Actually, each of the sockets has 8 cores. 16 in total then. I don’t have an explanation for the poor performance.

Thanks for investigating this issue further Prof. Krysl. Sorry, I could not find time to come back to the issue linked by Kristoffer yet (but I still follow the thread). From a performance perspective the assembly on a single thread is more or less compute bound. Parallelizing assembly with a low number of threads should not be a big issue (with sufficient memory bandwidth and cache). However, with more threads you increase the pressure on all memory lanes. Here I still think it is a mixture of cache/bandwidth issues (i.e. bad or even conflicting cache access patterns+memory bus cannot keep up with the CPUs read/write access) and frequency boosting (i.e. at lower total load each core has higher frequency). Fore some discussion I highly recommend the WorkStream paper (, because we basically reproduce Figure 4 from this paper. However, take this with a grain of salt, as I still have to confirm everything in more detailed benchmarks.
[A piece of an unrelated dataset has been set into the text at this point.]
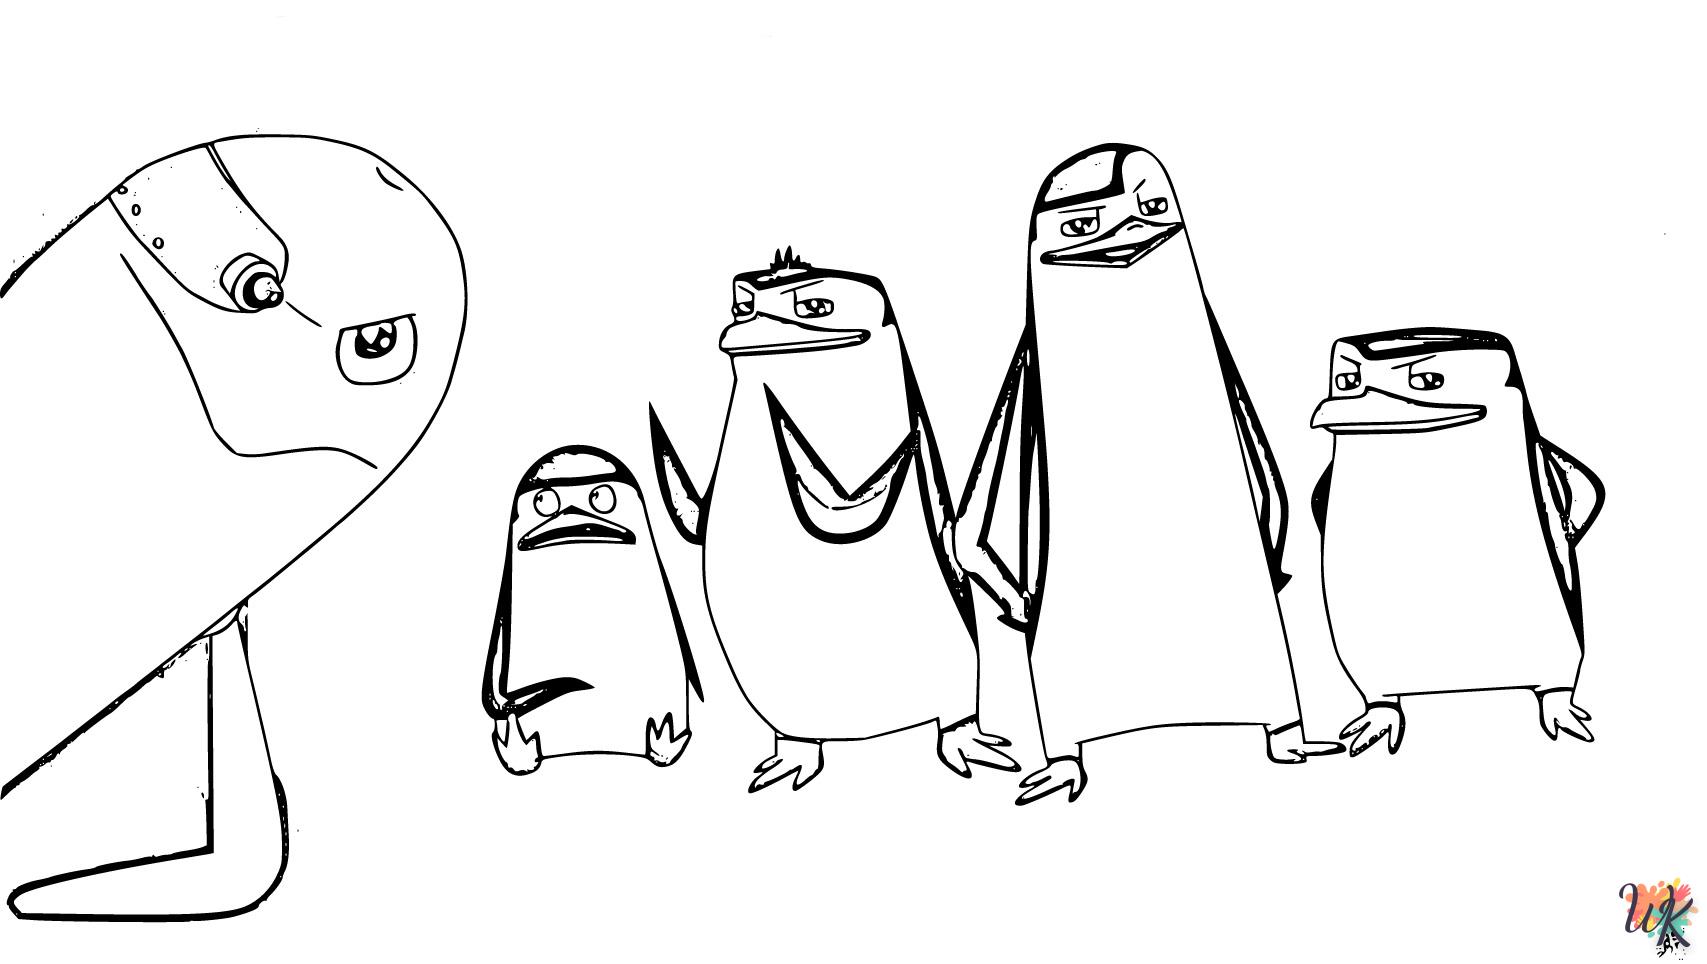 Pingouins de Madagascar 15

Another relevant thread is How to achieve perfect scaling with Threads (Julia 1.7.1) - #10 by carstenbauer which discusses some of the mentioned problems in more detail.

1 Like

The machine Firenze with Windows 10 Julia 1.8.5.
Better speed ups than the WSL2 setup.

Also, I think I solved the problem with the tasks: I think I need to start (N+1) threads in order to have N tasks. Apparently, one thread needs to be the main to carry the spine of the computation. If I do this, the tasks finish in more or less the same time (there is still a bit of variation, on the order of 10 %, but nothing like the huge differences between fast and slow tasks before).

This is the speed up of Firenze/Windows 10/with tasks.

Edit: The tasks take about 0.03 sec to start and another 0.03 seconds to spawn. So that can add up.

Alas, I spoke to soon. No, the problem of the slow tasks still not solved. On the Horntail, even starting N+1 (or even N+8) threads for N tasks, some of the tasks are still delayed by a significant factor (100-200%) relative to others.

How do I debug this?